昔、くじらぐもにのりたかった

暮らしとインテリアと、時々雑談

北欧に嫉妬した

私が暮らしにまつわることが大好きになったきっかけ。

それを考えるとき、真っ先に思い浮かぶのは

北欧を旅したことです。

 

旅日誌によれば、2002年9月3日~11日の間に

夫とふたりで デンマークスウェーデンを旅しています。

 

この頃の旅のスタイルは、世界遺産や有名な建築を訪れながら

道すがら 偶然に出会う住宅を探訪するというものでした。

世界的に有名な建築を目の前にしたときの 興奮や感動は

言うまでもありませんが、何より私たちが心躍ったのは

そこに暮らす人々が住む、名もない住宅を眺めているときでした。

当時の写真を見ても、一般住宅の写真のほうが断然多いです。
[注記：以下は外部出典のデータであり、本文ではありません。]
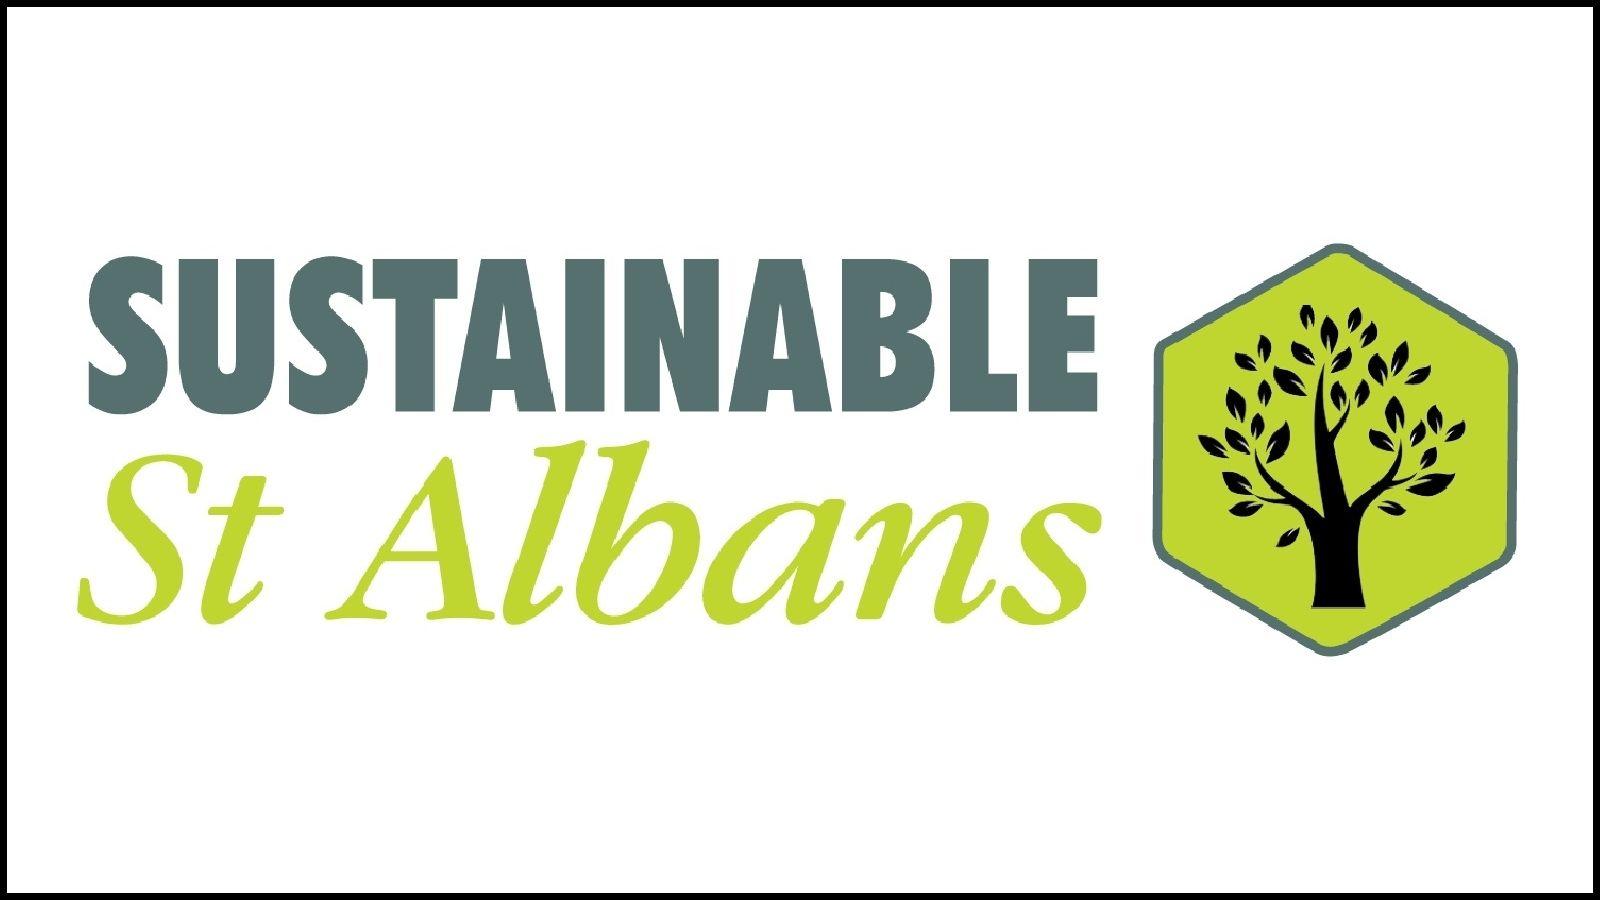 Sustainable St Albans logo

(笑)

 

街並みの美しさはもちろんのこと、すこし落ちついて細部を眺めてみますと

窓の美しさには目を見張るものがありました。

当時撮影した写真をいくつか紹介します。

 


外壁の色とカラーコーディネートされていて、形状もさまざま。

窓そのものが、家の顔だと感じました。

窓辺はカーテンや雑貨、植物で飾られ、夜になればやわらかな光が漏れて

それもまた素敵です。

 

そして旅の途中 あちこちで見かけたのは

窓ガラスを丁寧に磨く住人の姿。

北欧は暗い時期が長いから 少しでも窓辺を明るく

というのもあるでしょうが この時はまだ9月。

窓は 北欧の人々にとって いつでも大切なものなのだろう

と思ったのでした。

 

旅日誌には 窓辺についてこんなことが…。

 “   窓辺はどれも個性がいっぱい。そこに住む人の暮らしの一端を

  垣間見るようで 興味深くひとつひとつ眺める。(中略)

       道行く人を意識しながらも 自分の窓辺であることを忘れていない。“

 

この頃から 窓ガラスやサッシ周りは

まめに掃除するようになりました。

あのとき見た素敵な窓そのものは持って帰れなくても

北欧の人々の精神は いつか自分のものにできると思ったからでした。

 

さて、いま一度旅日誌に目を戻しますと

こう書いてあります。

 “デンマークの人は リラックスするのが上手。街には至るところに

 広場や公園がある。ベンチの数もとっても多い。

 カフェでコーヒーを買って 芝生にブランケットをさっと広げて 

 たちまちくつろぎの場所をつくってしまう。

 おしゃべりしたり 読書したり ただぼんやりしていたり。

 思い思いの過ごし方。楽しむのが上手いし、慣れている………”

 

確かにそうでした。

また そういうシーンは、街の中だけでなく 

庭のちょっとした木陰やバルコニーでも見かけました。

小さなテーブルと椅子さえあれば そこはもう

ダイニングにもリビングにもなるのだと。

目から鱗でした。

楽しむのに広さなんて関係ないよ

その頃の私は 今と変わらずインテリア好きではありましたが
暮らしを愛していたかと言えば そうではなかったかもしれません。

楽しみは 家の外にある。

そんなふうに思っていた気がします。

だからでしょうか。 

暮らしを自然に楽しむ北欧の人々の姿を目の当たりにして

私は 北欧に恋ではなく 嫉妬してしまいました。(笑)

この旅は 甘美な時間と一緒に

言いようのない焦りと 憧れと 嫉妬とが

綯交ぜになった感情を 私にくれたのでした。

 

他にも 照明について考えを深めるきっかけや



家と植栽との関係について考えるきっかけも もらいました。

 

あれから 22年近くの歳月が過ぎました。

当時の私が 今の私の暮らしを見てどう思うかは

わかりませんが、暮らしの中に楽しみを見つけたい

と思う気持ちは いまなお継続中。

ときには なんにもしたくない 一日中寝ていたい

なんて日もありますが それもまた私、暮らしの一部なんだなあ。

 

すぅっと通り過ぎてしまうこともあれば

ひょいと つかまえることもできる。

与えられるものではなく 見つけるもの。

それが 暮らしの楽しみなんだと思います。

 

北欧旅のお土産。いろんな色の日があるから 人生はカラフルになるんだな。